## TASK BRIEF:
Please transcribe exactly, and only, the lines of the data below between the line holding "#AfricaStandUp" and the line holding "#NoMoreOfThis", inclusive.

PROVIDED DATA Block Start

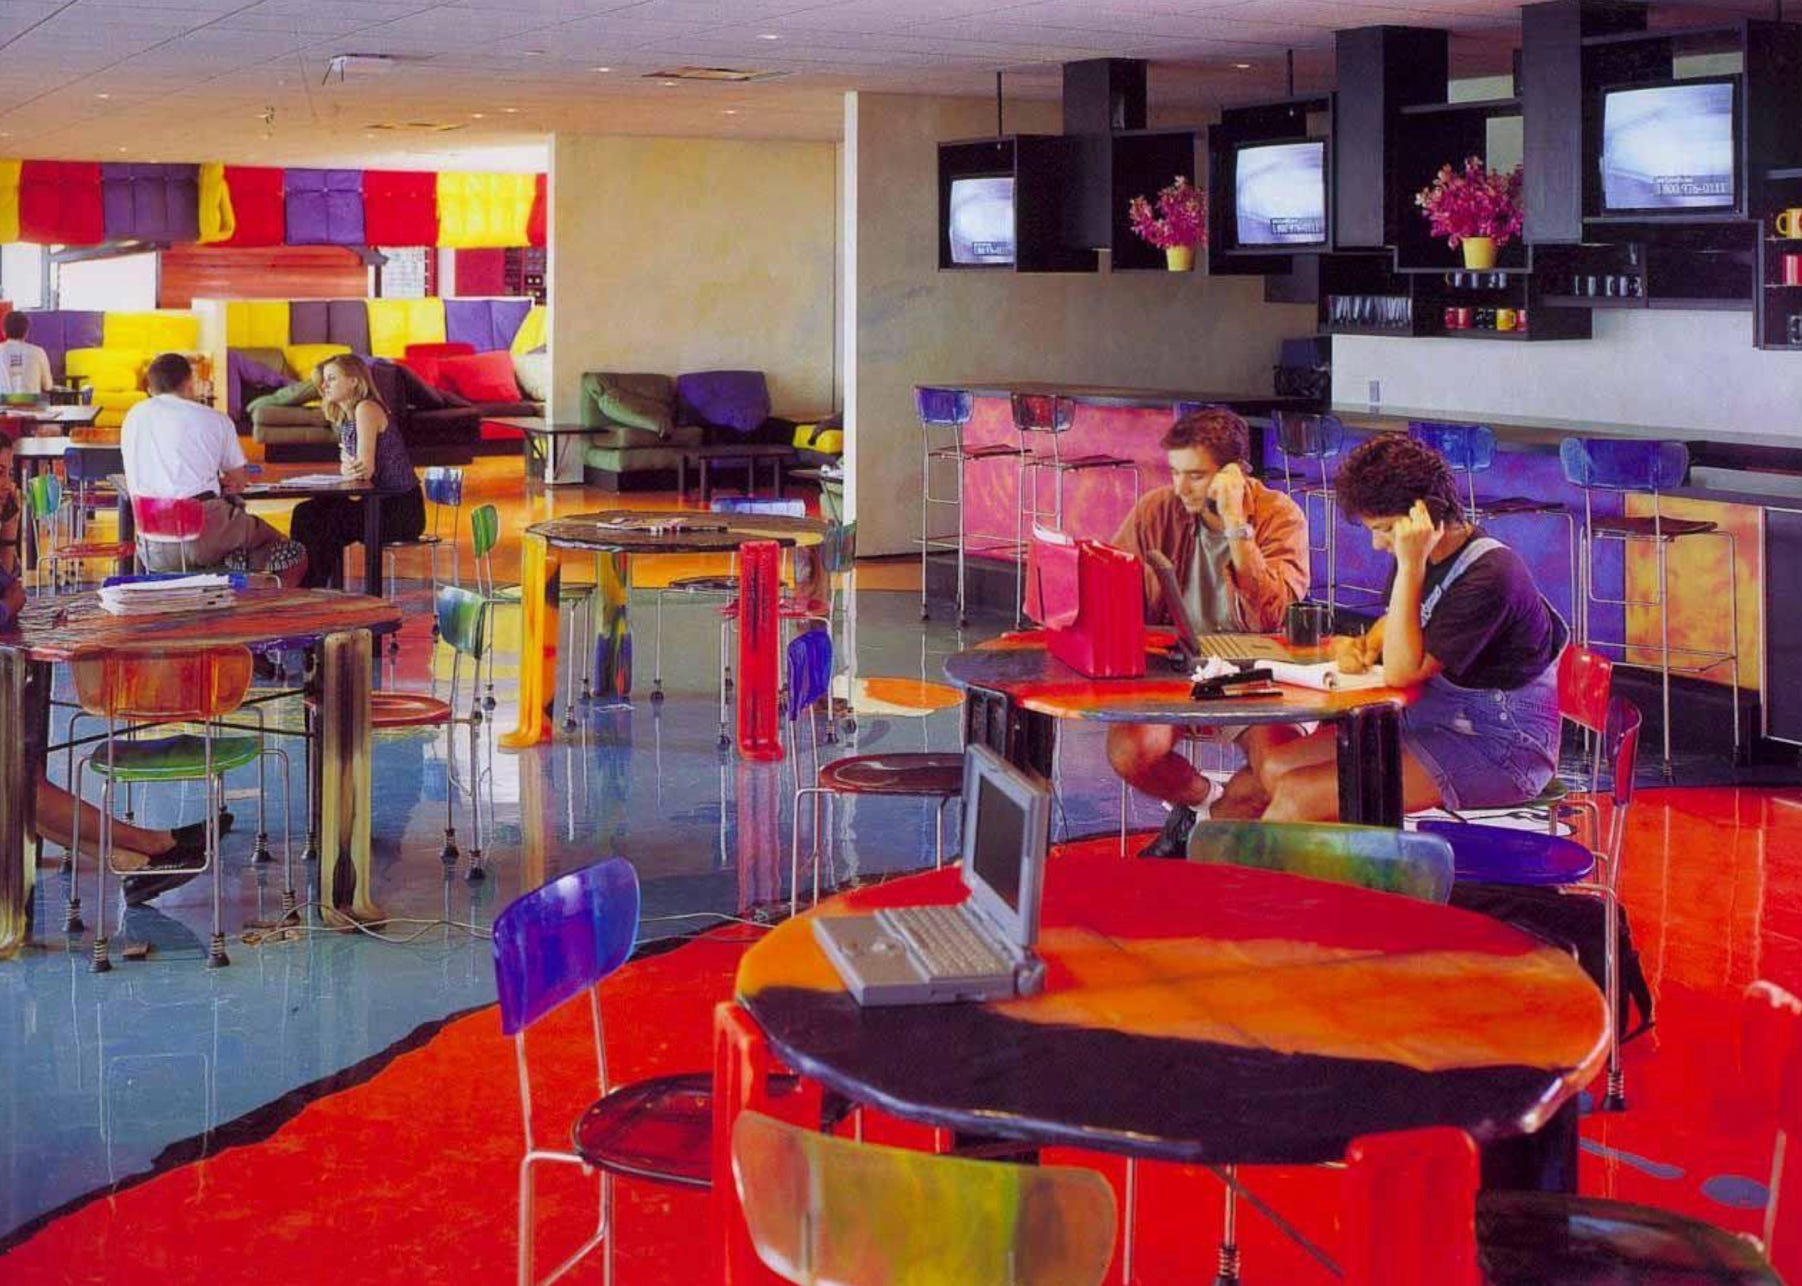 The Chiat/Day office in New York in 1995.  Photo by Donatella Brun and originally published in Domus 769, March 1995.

PROVIDED DATA Block End
PROVIDED DATA Block Start

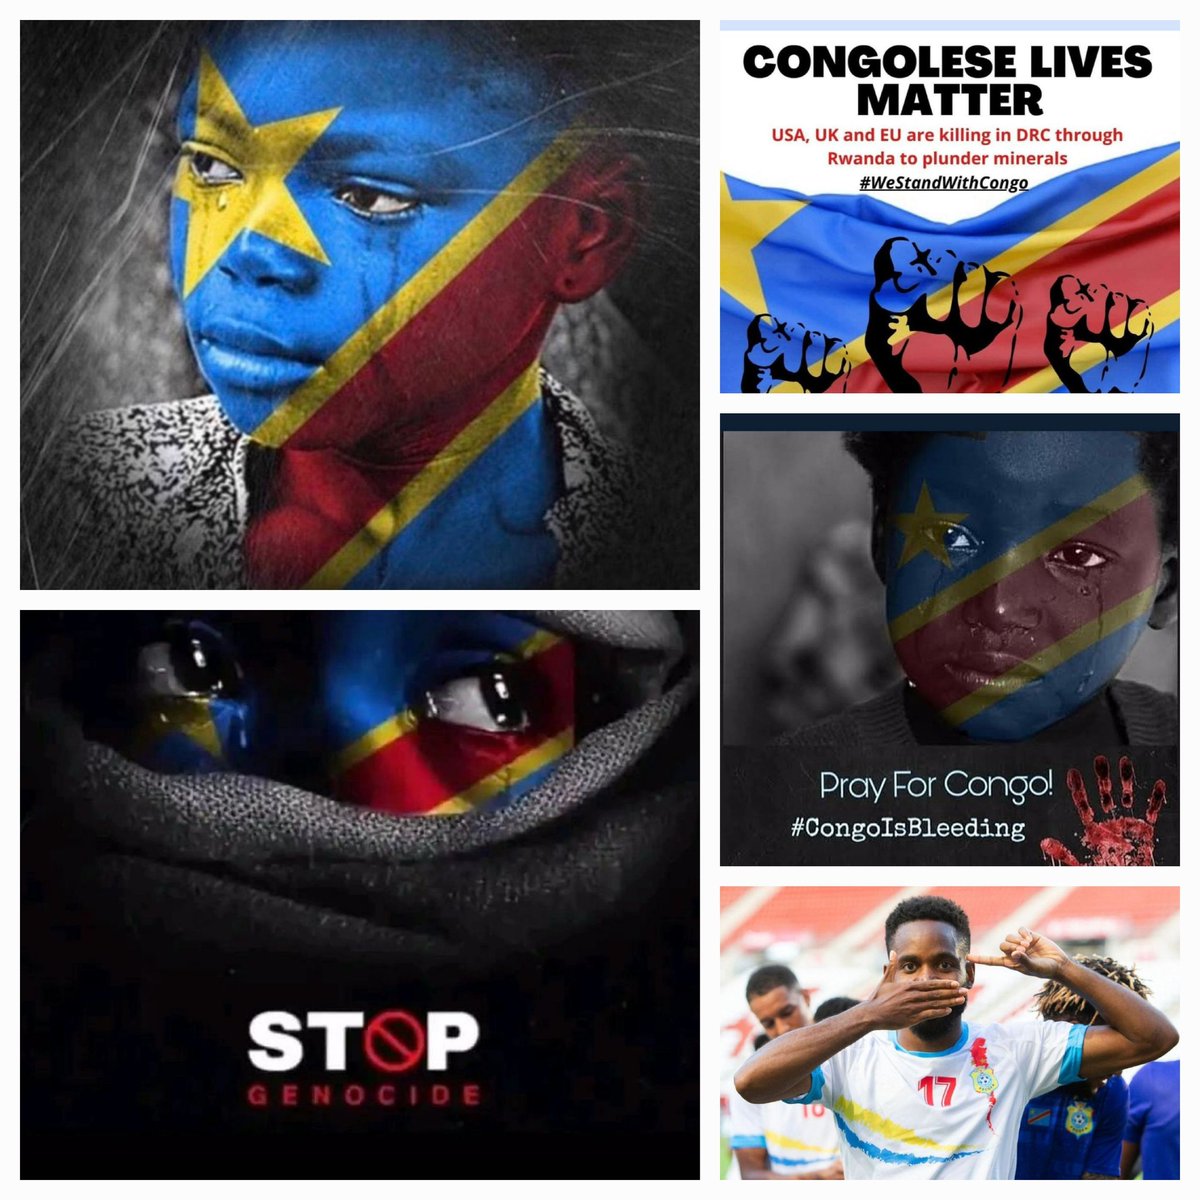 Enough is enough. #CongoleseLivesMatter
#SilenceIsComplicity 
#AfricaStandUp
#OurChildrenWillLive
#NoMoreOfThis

PROVIDED DATA Block End
PROVIDED DATA Block Start

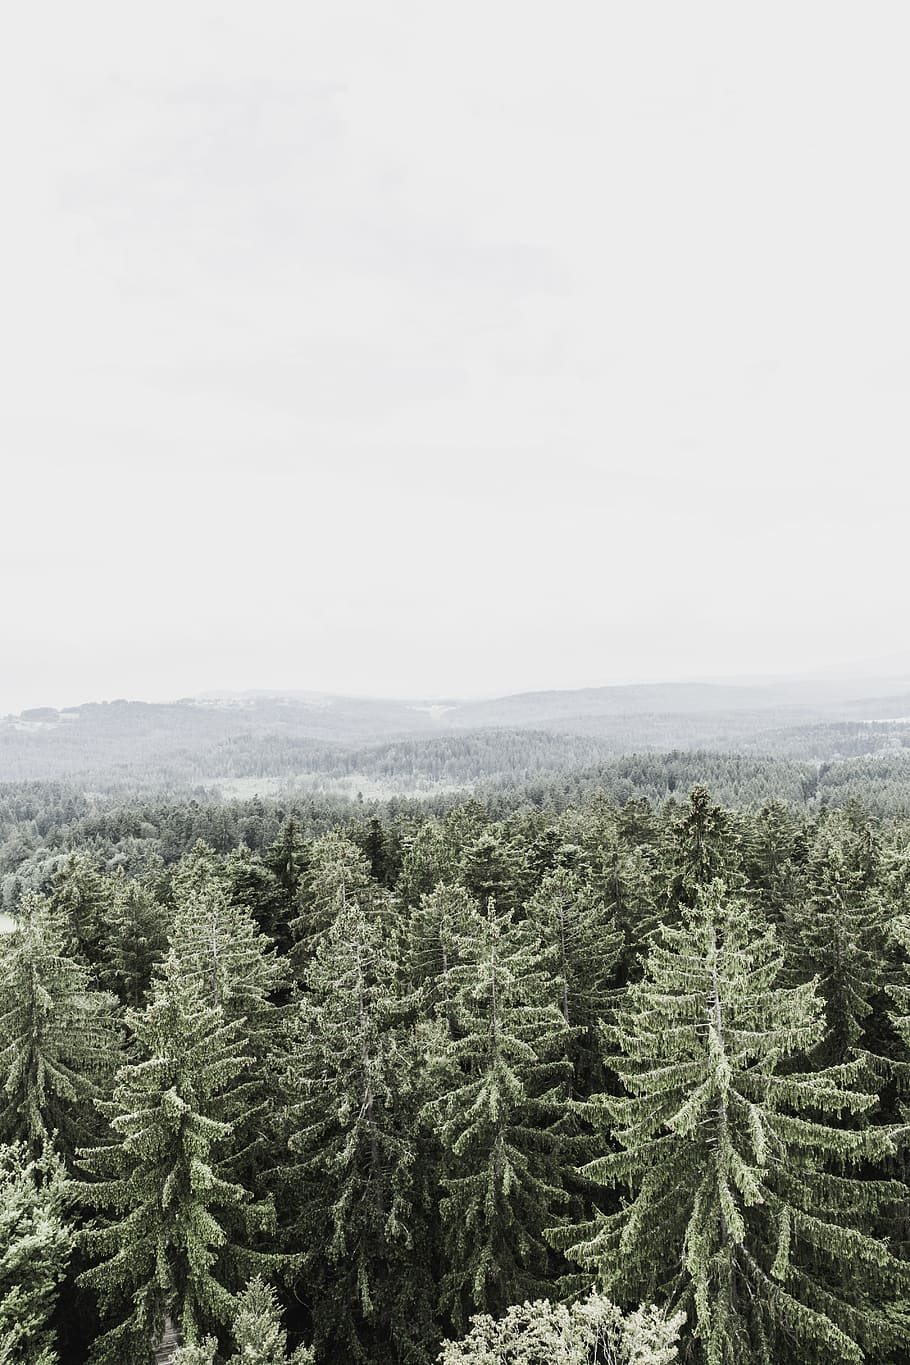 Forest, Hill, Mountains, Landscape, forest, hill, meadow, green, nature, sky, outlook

PROVIDED DATA Block End

## SOLVED PROBLEM:
#AfricaStandUp
#OurChildrenWillLive
#NoMoreOfThis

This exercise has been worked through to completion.